Just over eleven years ago, I stared out the second floor balcony and caught the sunrise on my last day at Greenbaum. Today, I did the same. The sun is further north in April than it is in February, so instead of the sun coming up next to the hospital, it came up over the parking garage. I guess that’s fitting.
I ordered breakfast by asking the person on the other end of the phone if I could just say, “same as yesterday?” That seemed to work well. I went back to sleep for another hour and a half before getting up to do some work and pick the place up. My nurse came in, took vitals, and gave me my meds. She said that Michelle would be in soon to remove the sutures and catheter, and then go over the dilation instructions. My nurse asked if I would like anything for the visit…hinting that something to calm and help with pain would be nice.
“Sounds good,” I said, “except I’ll just take the ibuprofen instead of the hard stuff.”
“Michelle usually calls about 30-45 minutes before she comes in, so I’ll bring the meds by when I hear from her.”
“Awesome!” The nurses here seriously rock.
I ate my breakfast and then my nurse was in with the meds. I worked for a while; reading emails and responding when necessary.
Soon, Michelle was there with the suture removal kits, the catheter removal kit, and the set of straight dilators.
Since you have to open the package before you can see what is inside, the labial sutures had to be removed first. It almost seems like cutting 50-pound wire holding up an 85-pound fish that you just caught. Once those sutures are cut, you can feel the tension in the labia disappear. Of course, the sutures still need to be pulled out of the labia, but that’s minor.
After that came probably the most difficult part of the morning: removing the packing. It feels very uncomfortable having the gauze-like stuff slowly pulled from the vaginal cavity. It’s kinda hard to describe, but it would sorta be like pulling gauze out of your stomach through your mouth. It’s not painful, per se, but it’s definitely uncomfortable.
Next up, Michelle removed the catheter by connecting to the valve next to the outlet port and deflating the balloon in my bladder. Boom…it was out faster than she could say it was out.
Finally, time for the dilators. You could almost hear music from The Good, The Bad, and The ugly in the background.
She said that Dr. Meltzer was switching me to the straight dilators. Maybe that will make it easier to hit the hole.

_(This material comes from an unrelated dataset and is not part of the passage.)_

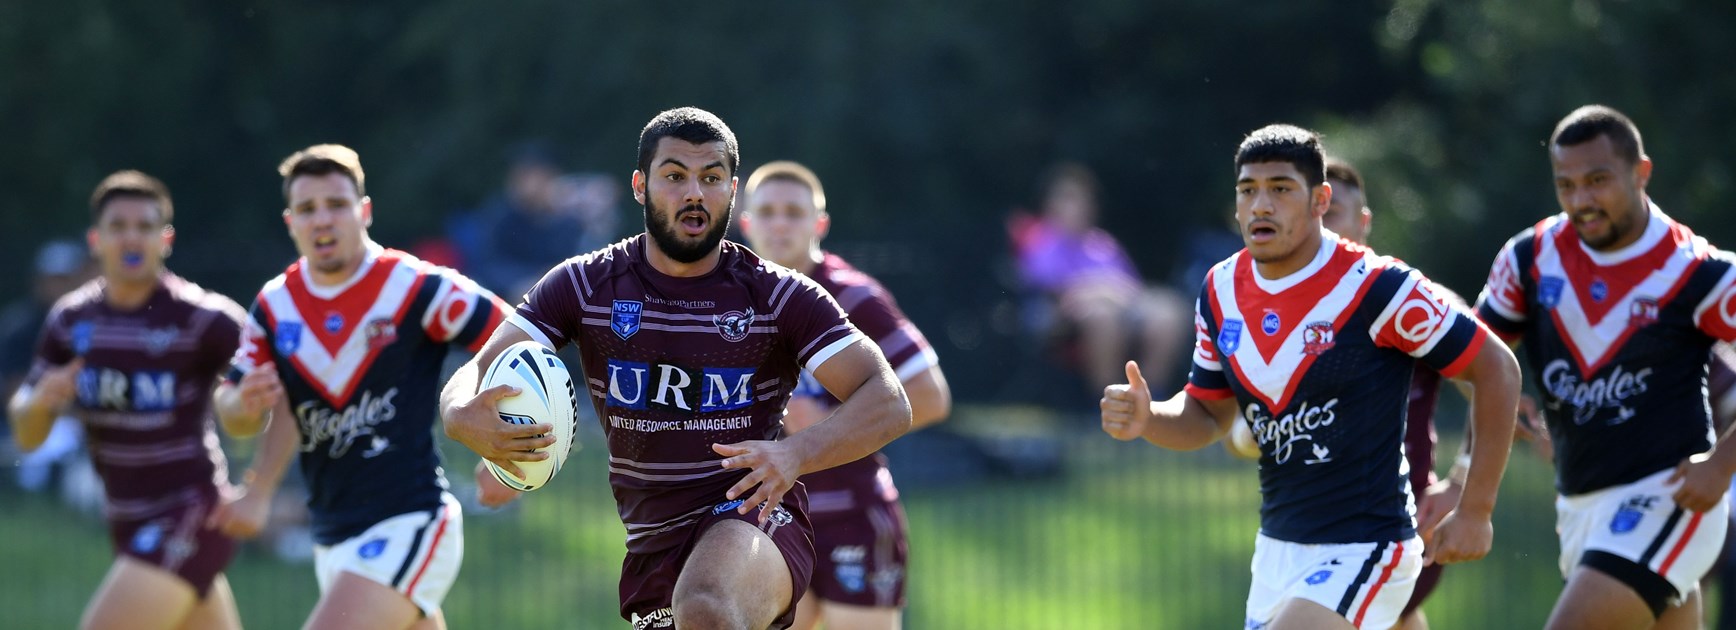 Manly record second win in Jersey Flegg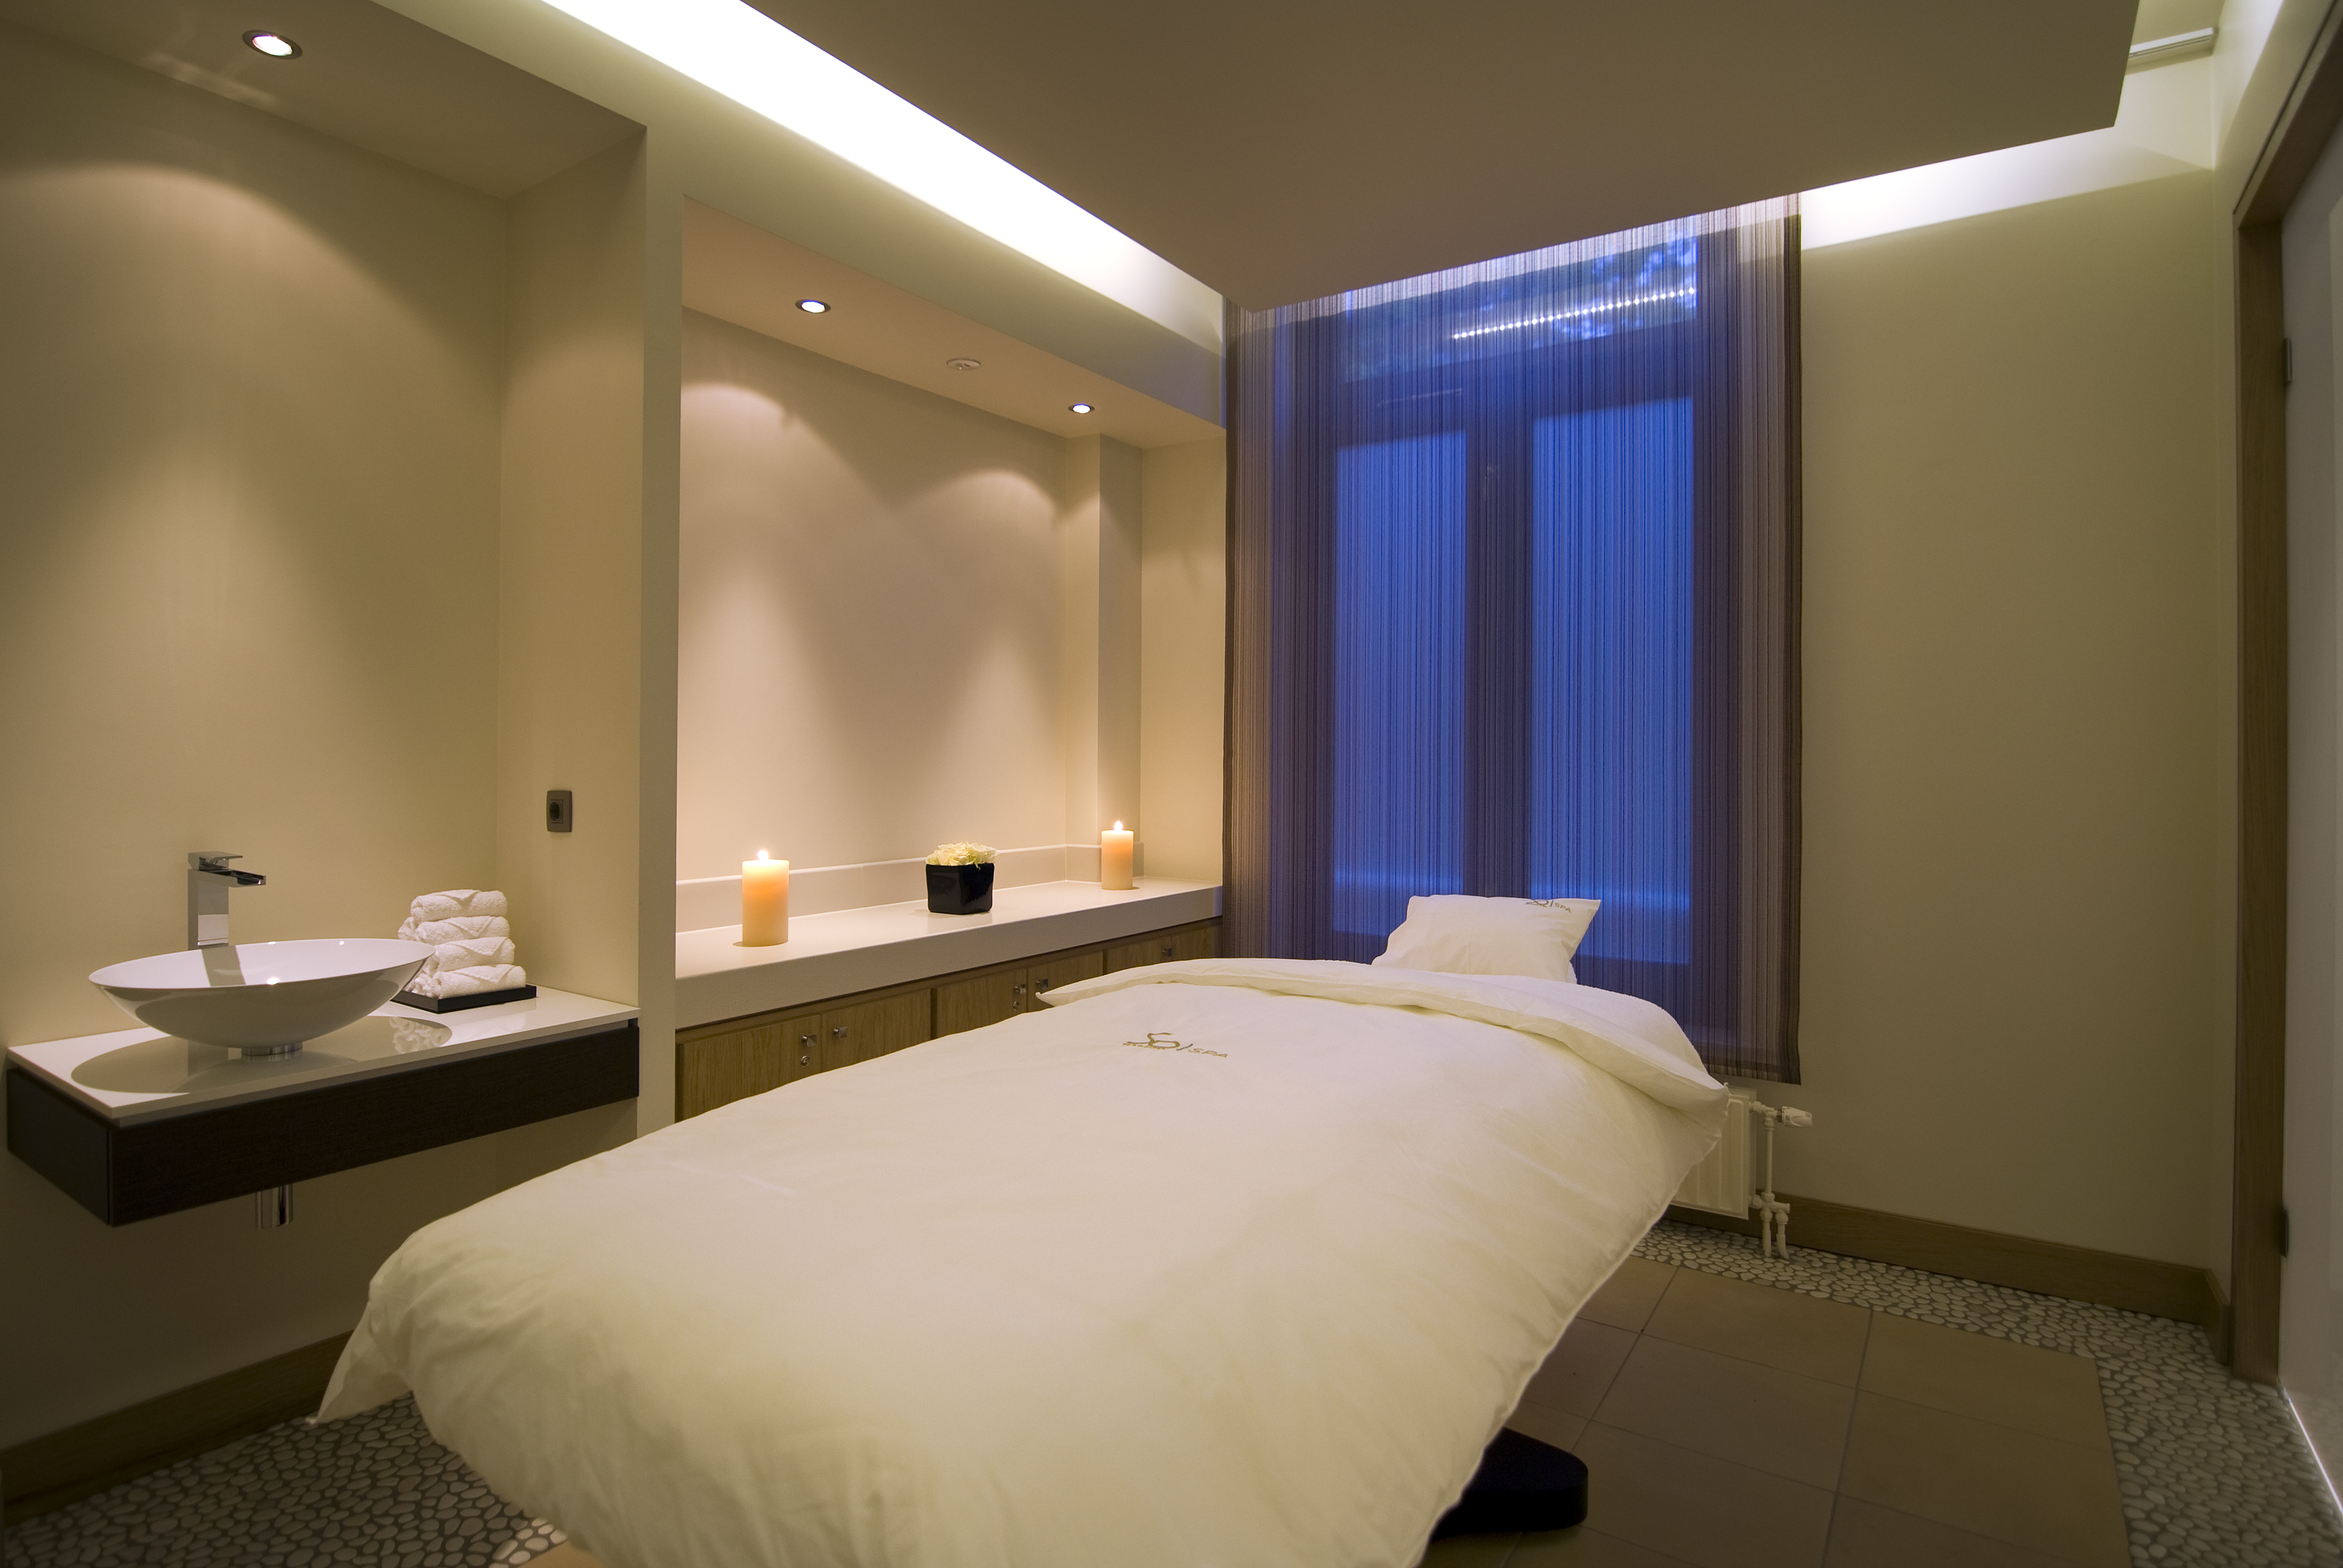 23d. So SPA duo treatment rooms

As the day goes on, patients are starting to flow into the recovery rooms here at Greenbaum. They said that Dr. Meltzer would likely be up mid-afternoon between cases, and sure enough, he showed up around 3pm with Dr. Tal in tow. He took a look at the exterior and said things looked good, except for the blisters from the tape. It will probably and hopefully be the last time I see Dr. Meltzer. He’s helped me out big on two occasions…SRS and resolving this vaginal cyst discharge issue…and helped change my life for the better in more ways than most people can imagine.
|My room from the hallway.|
“You want to leave, don’t you?”
“Of course, but there is something special here that makes saying good-bye very difficult.”
She thought I was joking. My wife is not trans, so I cannot expect her or any other cisgender people to grasp the vastness of these life changing surgeries and the loving care these nurses provide to us in recovery.
I turned my head from my wife as we drove to the hotel, mainly because I didn’t want to see her laugh or smile as I cried. After I reached a point where I could talk, I tried conversing more with her on the topic.
|My bed for nearly a week.|
Tonight will be my first night not in a hospital bed. I’ve piled up 3 large pillows so that I don’t have to lay flat and can take pressure off my stomach incision. I’m planning to take half a pain pill around 11pm, get up at 2am to dilate, and then take a full pain pill to get back to sleep.